> [Your objective]:
Copy each line, word for word, from the one with "SS Fancy T-shirt" through the final line of the listing, but skip the pictures.

> [Data shown]:
○ ○ ○ ○ ○
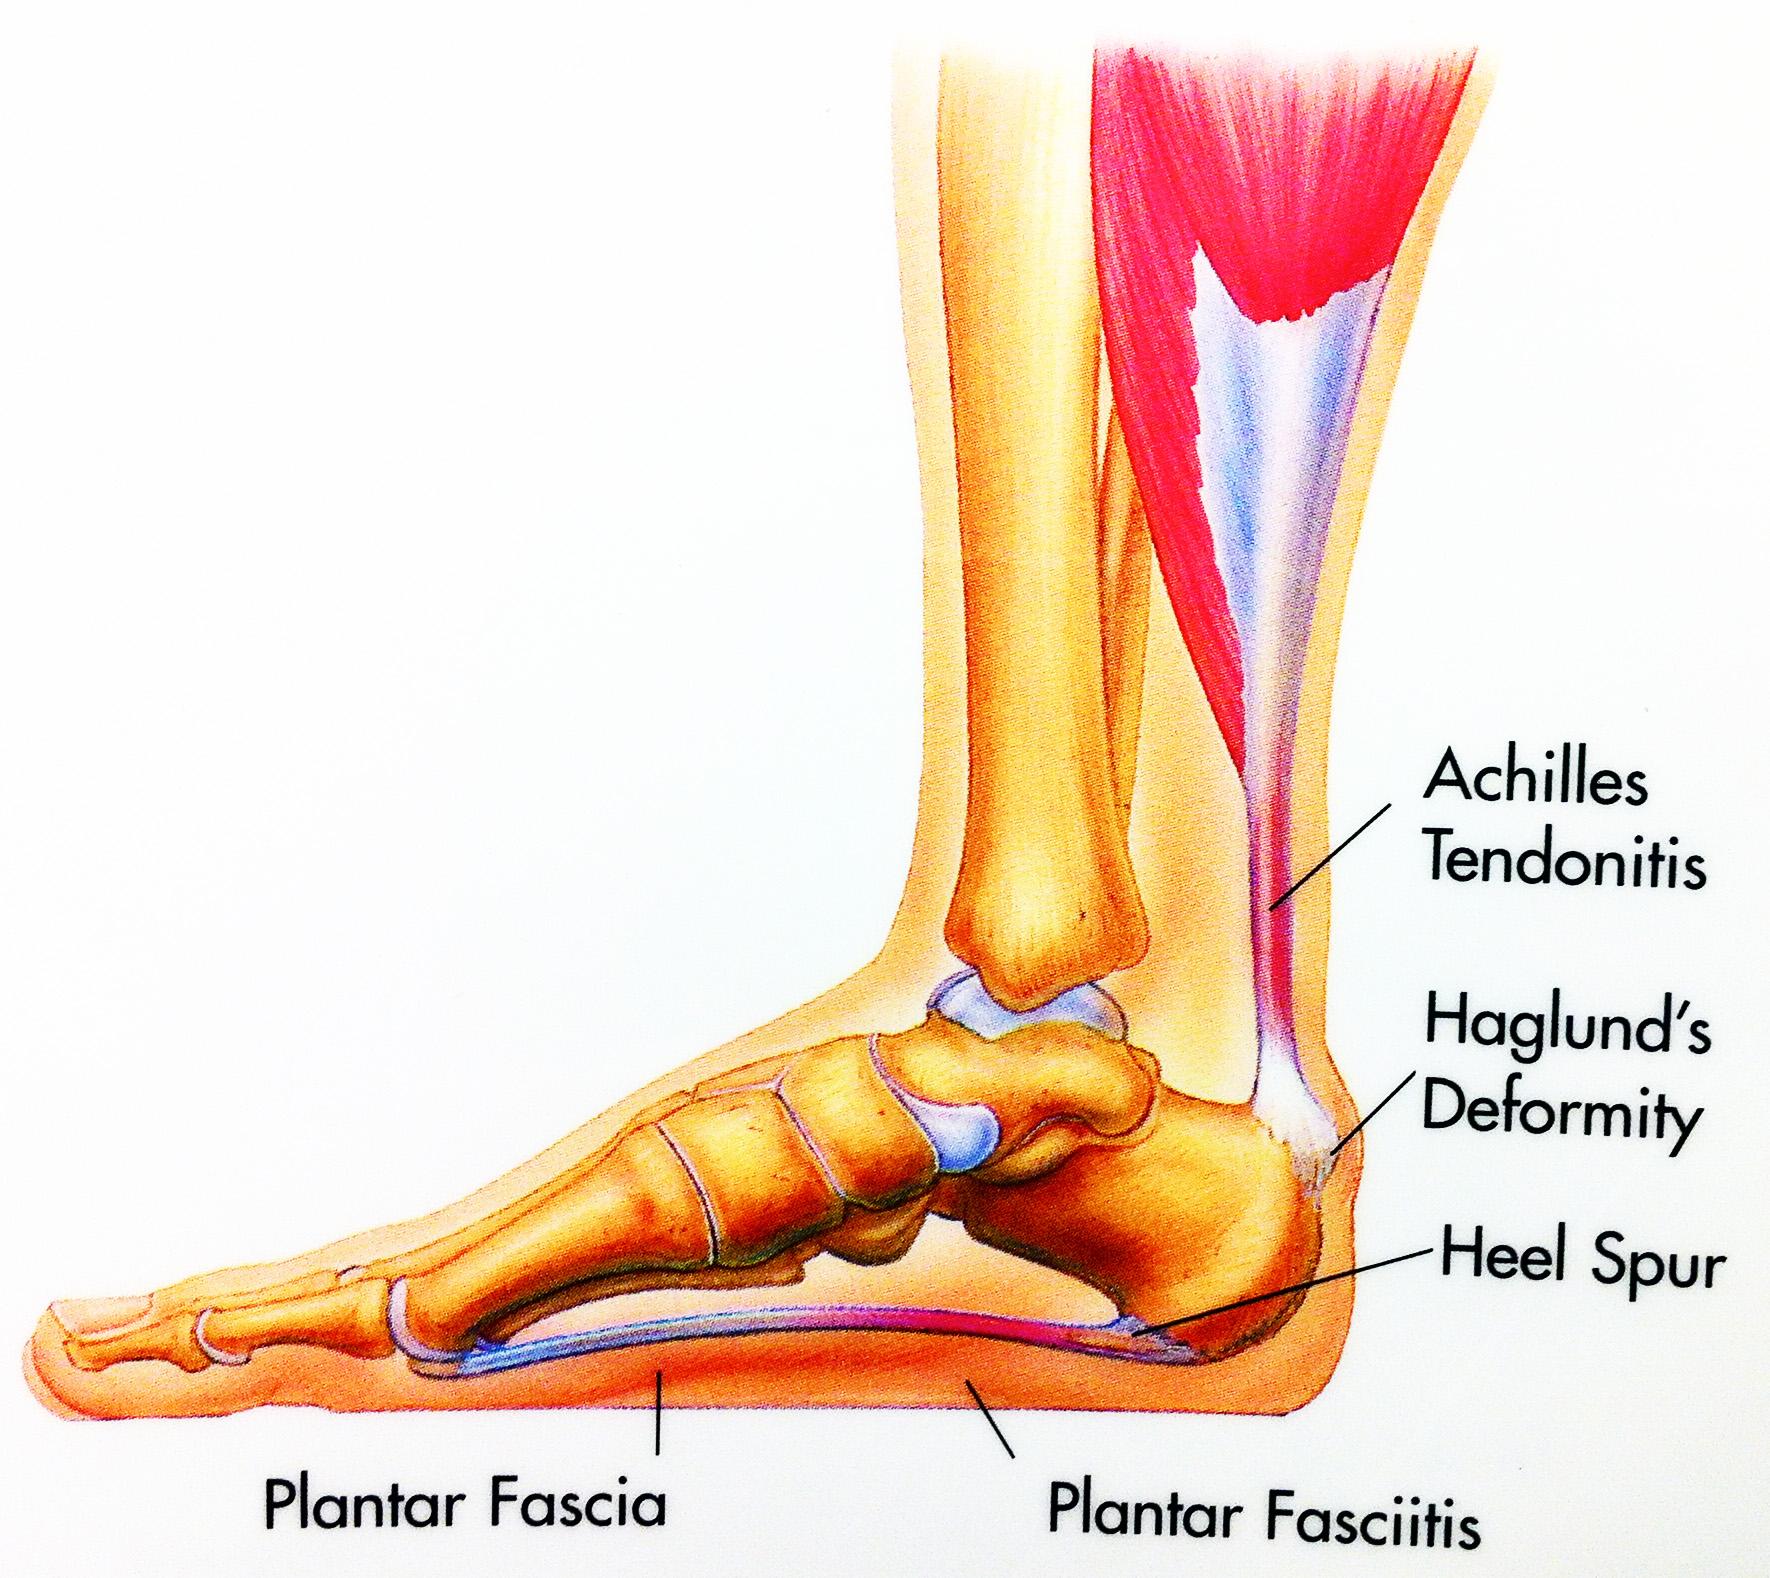 Calcaneal Spur Symptoms And Treatment
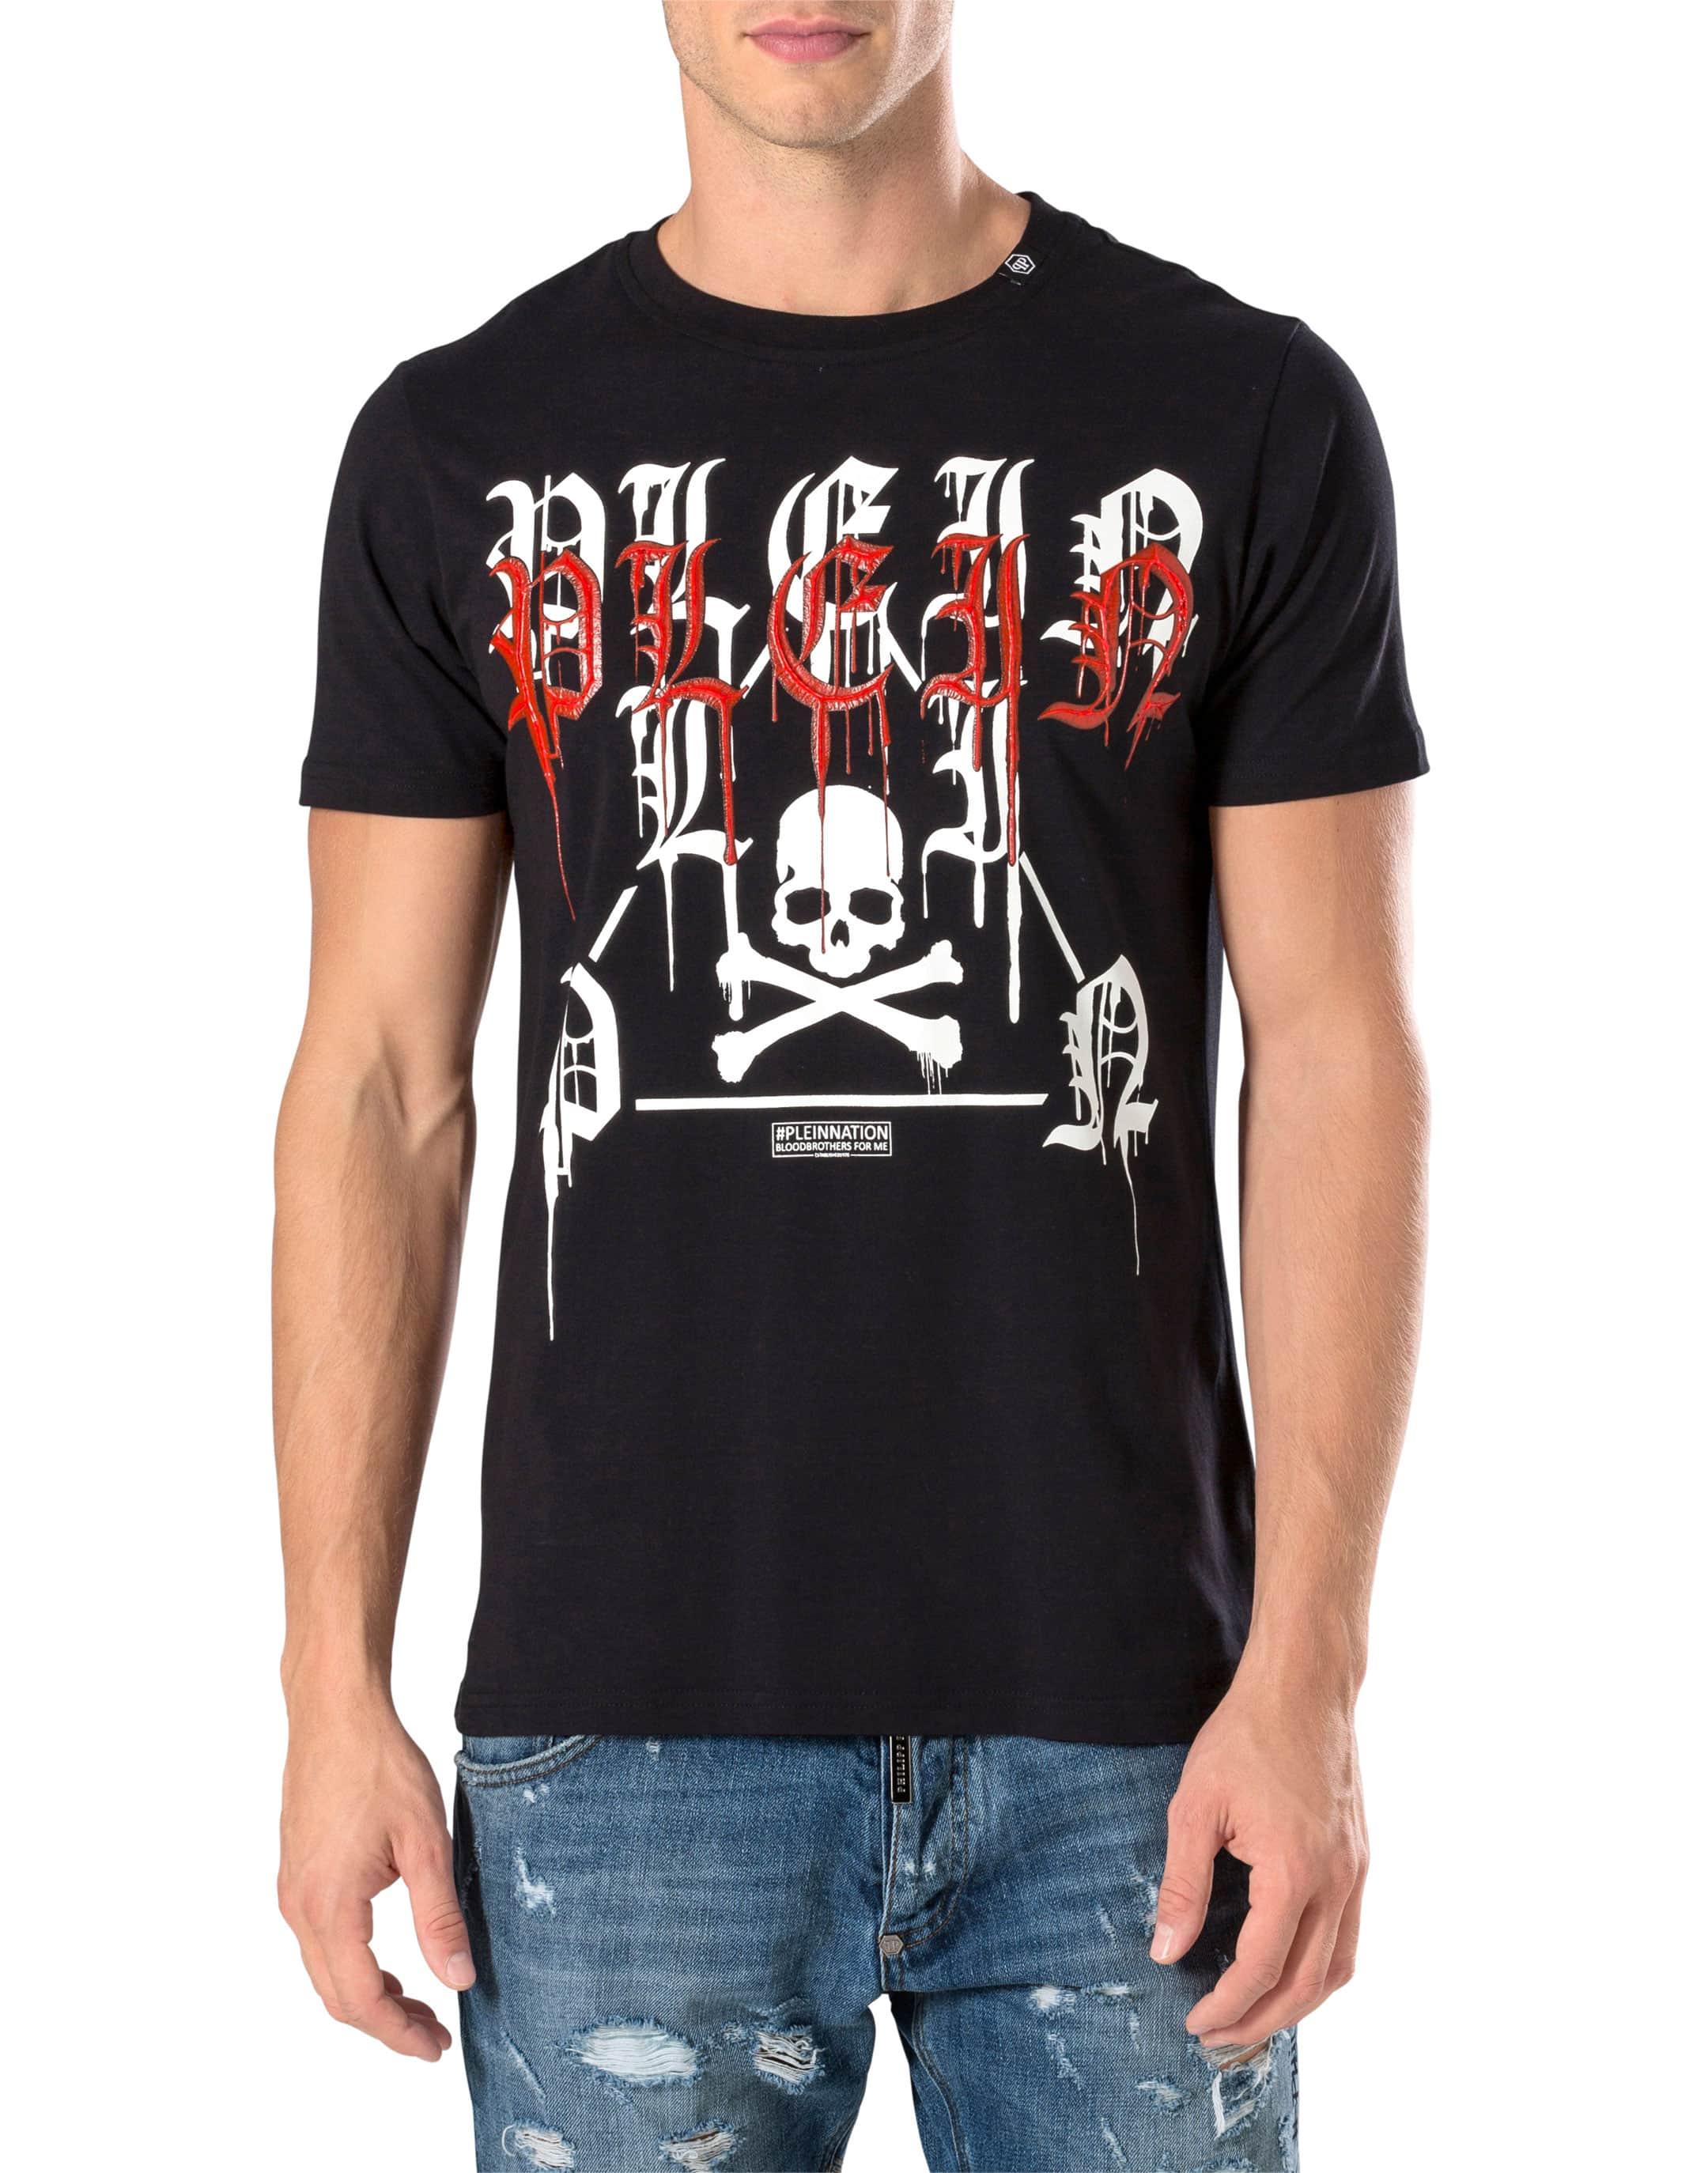 SS Fancy T-shirt - Black Philipp Plein Free Shipping Newest mBOYYD
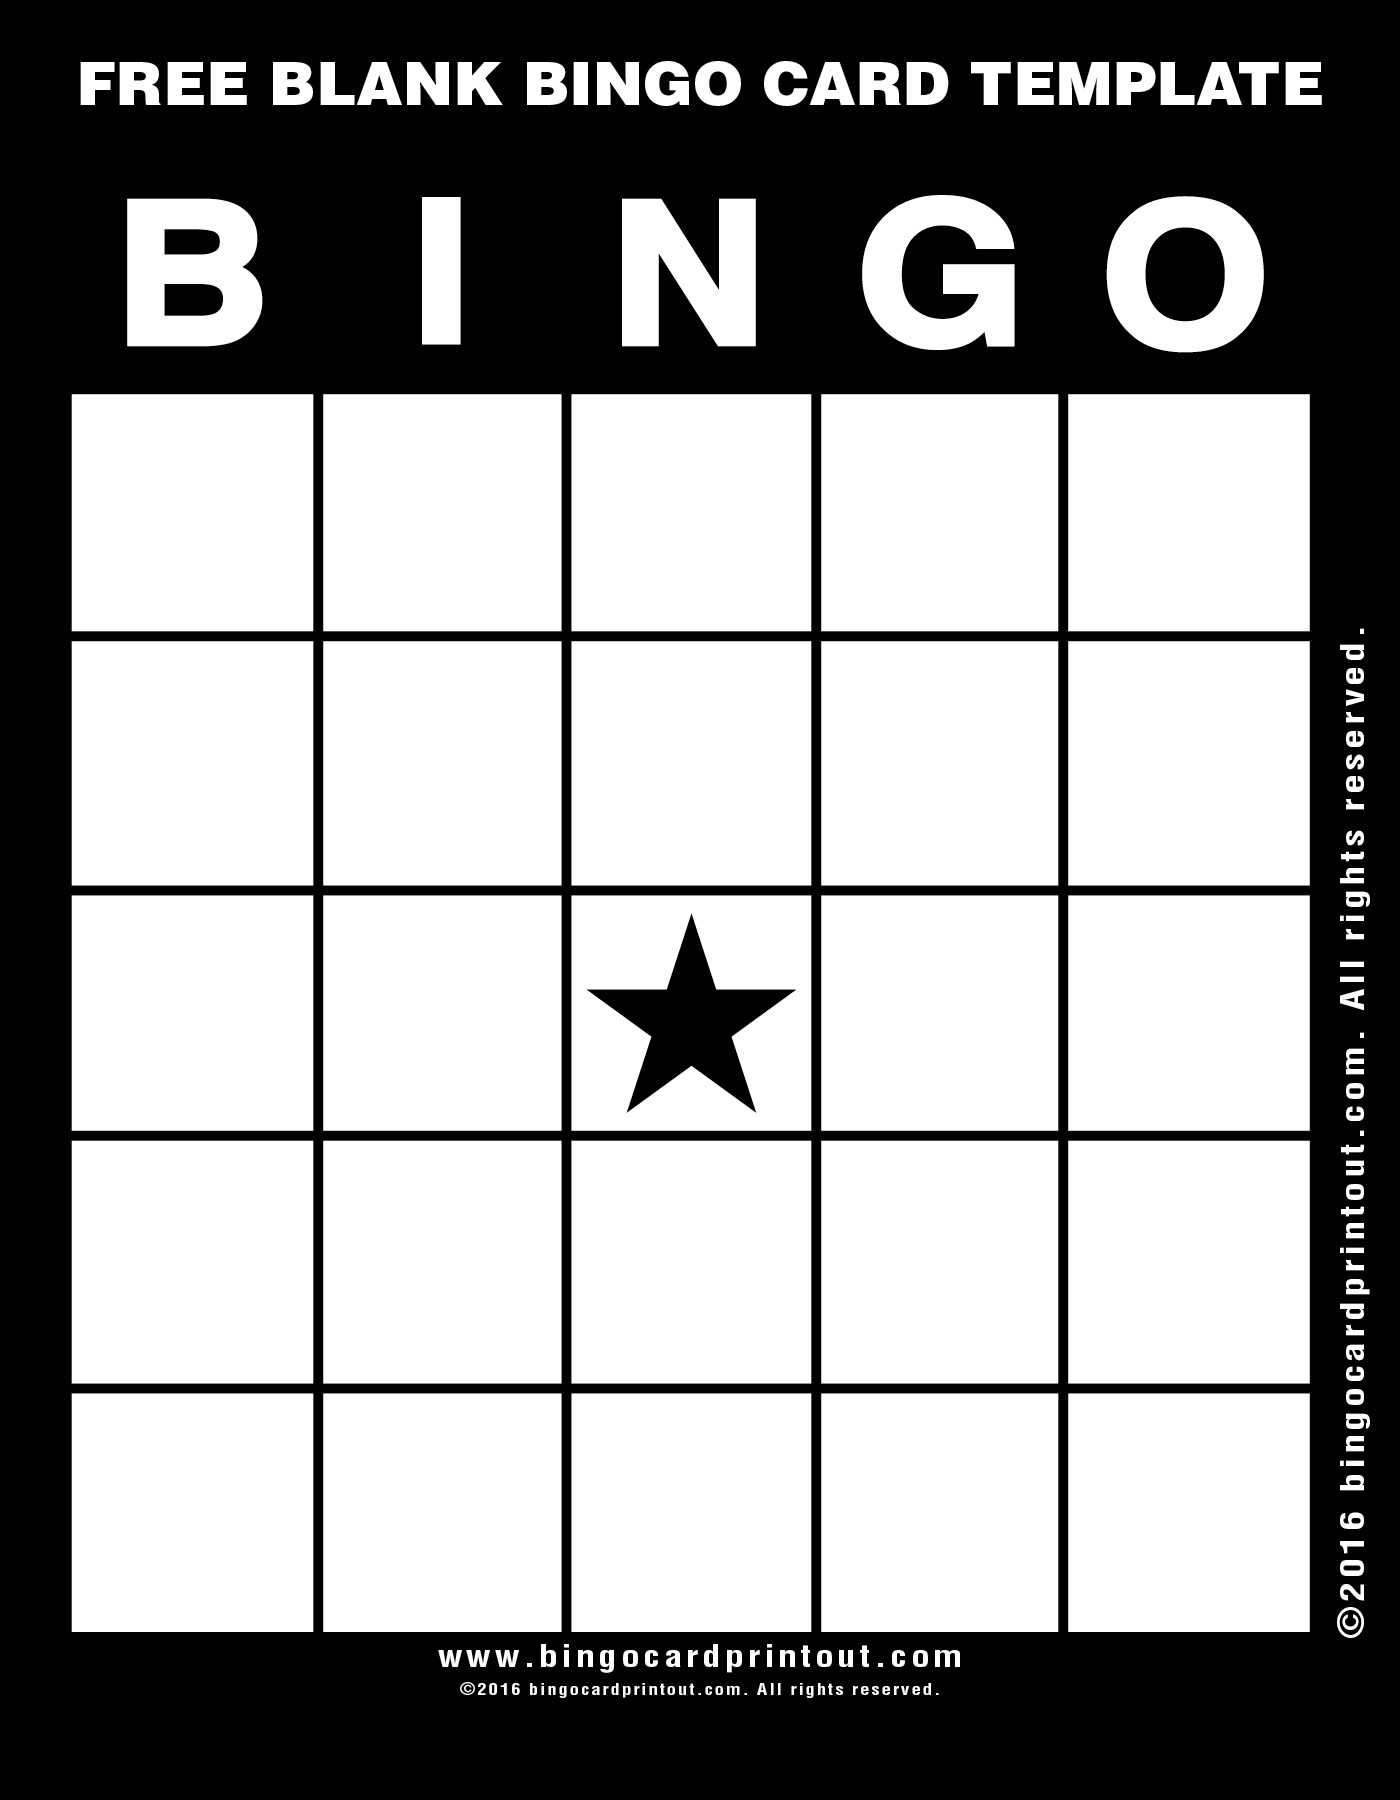 Bingo Template Free ] - Blank Bingo Template 15 Free Psd Intended For Bingo Card Template Word
○ ○ ○ ○ ○
> [Task response]:
 SS Fancy T-shirt - Black Philipp Plein Free Shipping Newest mBOYYD
 Bingo Template Free ] - Blank Bingo Template 15 Free Psd Intended For Bingo Card Template Word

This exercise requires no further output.